PERFORMANCE OF PHAD PAINTINGS The painting commences with great flourish on the appointed auspicious day, when the Bhopas arrive. The ritual offering of a coconut is made to the Goddess Saraswati (Goddess of Learning). A free hand sketch is then made on the canvas, where various postures of human and animal figures are perfected. Floral trees adorn the piece filling up the empty spaces. The figures are the painted in a light yellow colour initially, known as kacha.Performance of the phad begins in the evening i.e. after sunset and dinner. the Bhopa cleans the ground, sprinkles water over it and touches it with a piece of gold to make the ground holy.Before starting the actual performance, the Bhopa places a pat (a small wooden table) before the phad, and puts a Thal (metal plate) on it with a conch and a lighted lamp therein. Thereafter he burns incense-sticks and starts the performance.The Patvi Bhopa wears red Baga (a skirt), red Safa (turban) with red Bagatari(shirt).He also ties ghungroos (a foot-ring of small jingling bells) around his ankles and hangs Jantar in his neck. The Diyala-Bhopa, the assistant, who wears ordinary cloths, keeps burning lamp in his hand during the performance.

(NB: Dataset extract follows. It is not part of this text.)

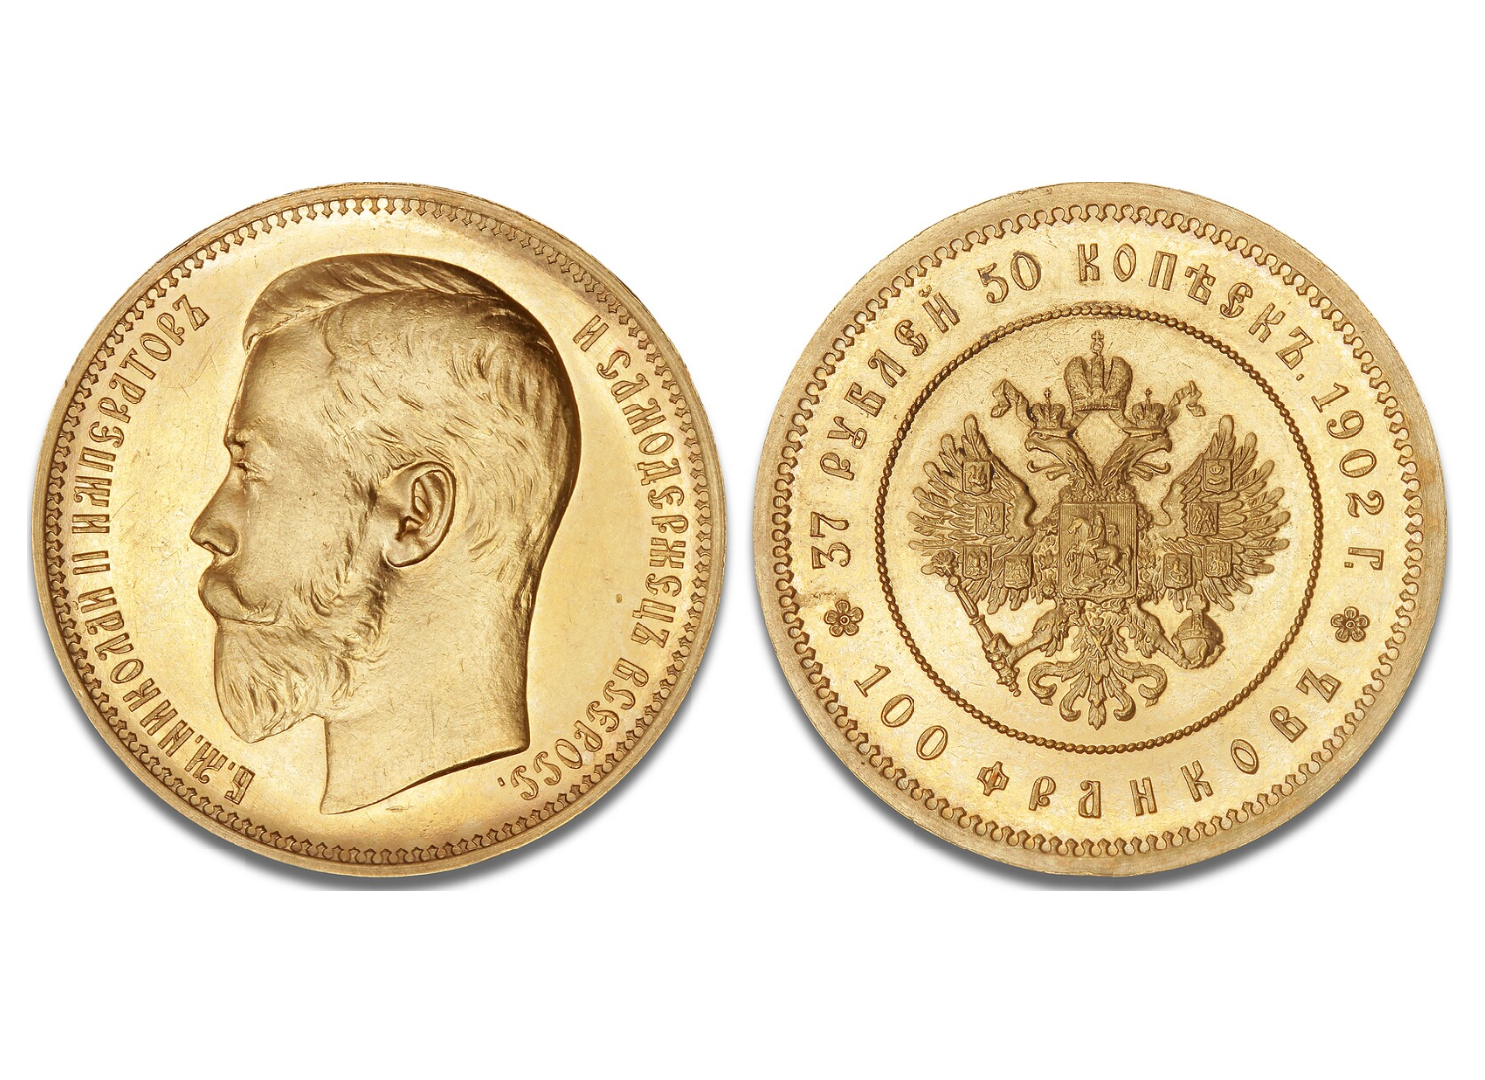 Тридцать семь рублей пятьдесят копеек — сто франков, 1902 / фото Bruun Rasmussen

After making all the arrangements for the performance the Patvi Bhopa begins to sing lura hymns to Devji. Throughout the night the Bhopa would sing the ballads and dance to the tune of his jantar. He narrates the folk epic on the basis of phad paintings to the audience adding explanations and even improvising innovations. Each scene comes to life as the narration gains and momentum and the assistant with the lamp illuminates it. As the night fades into twilight, the last lura (recitation) is sung, the Prasad (offering) is distributed among the onlookers and the phad is rolled up. When a phad becomes worn-out and unserviceable it is cast - “off, with appropriate ceremonies, into the sacred lake of Pushkar which is supposed to be the abode of Brahma. This ceremony is also known as Thandi Karana.